Version-Release number of selected component (if applicable):
ceph version 12.2.1-2.el7cp (965390e1785cd23ffde159014f25f9490e479668) luminous (stable)

How reproducible:
1/1

Steps to Reproduce:
Cluster was in degraded state. removed one OSD node(3 OSD daemon) from cluster and changed the replication size from 3 to 2 (min_size 1 & size 2), during degraded IO's did failover of MDS.

Actual results:
NA

Expected results:
NA

Additional info:
NA

Comment 2 Yan, Zheng 2017-10-01 02:02:55 UTC

probably mds state is still resolve, wanted_state is rejoin

Comment 3 Yan, Zheng 2017-10-01 02:15:33 UTC

Ignore my previous comment. Please upload log of mds.0

Comment 4 Ramakrishnan Periyasamy 2017-10-04 04:56:45 UTC

Created attachment 1334036 [details]
mds.0 node logs.

Attached mds.0 node logs.

Comment 6 Yan, Zheng 2017-10-09 02:54:11 UTC

yes. the mds got MMDSCacheRejoin message in unexpected state, so it killed itself.

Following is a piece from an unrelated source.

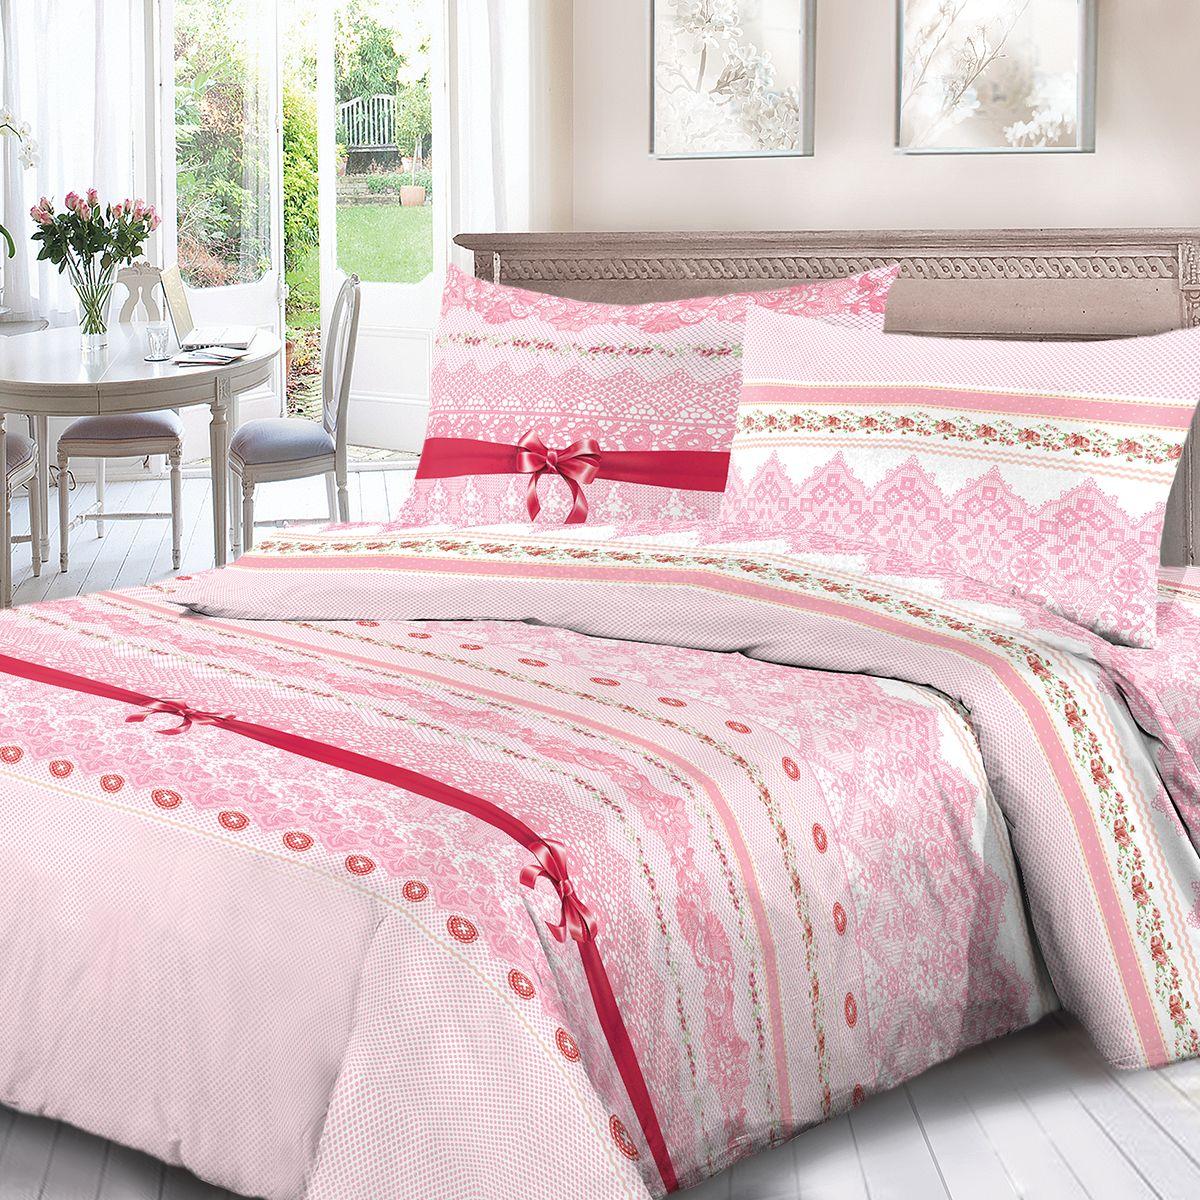 Комплект белья Для Снов Бал, евро, наволочки 70x70, цвет: розовый. 4062-183527

The unexpected message was sent from 10.8.128.58 (magna058). but it seems the log has been deleted.

Comment 14 Ramakrishnan Periyasamy 2017-10-24 03:51:10 UTC

Tried multiple times unable to reproduce the bug, For now moving the bug to closed state as "Works for ME". Will re-open the bug if mds assert reproduced.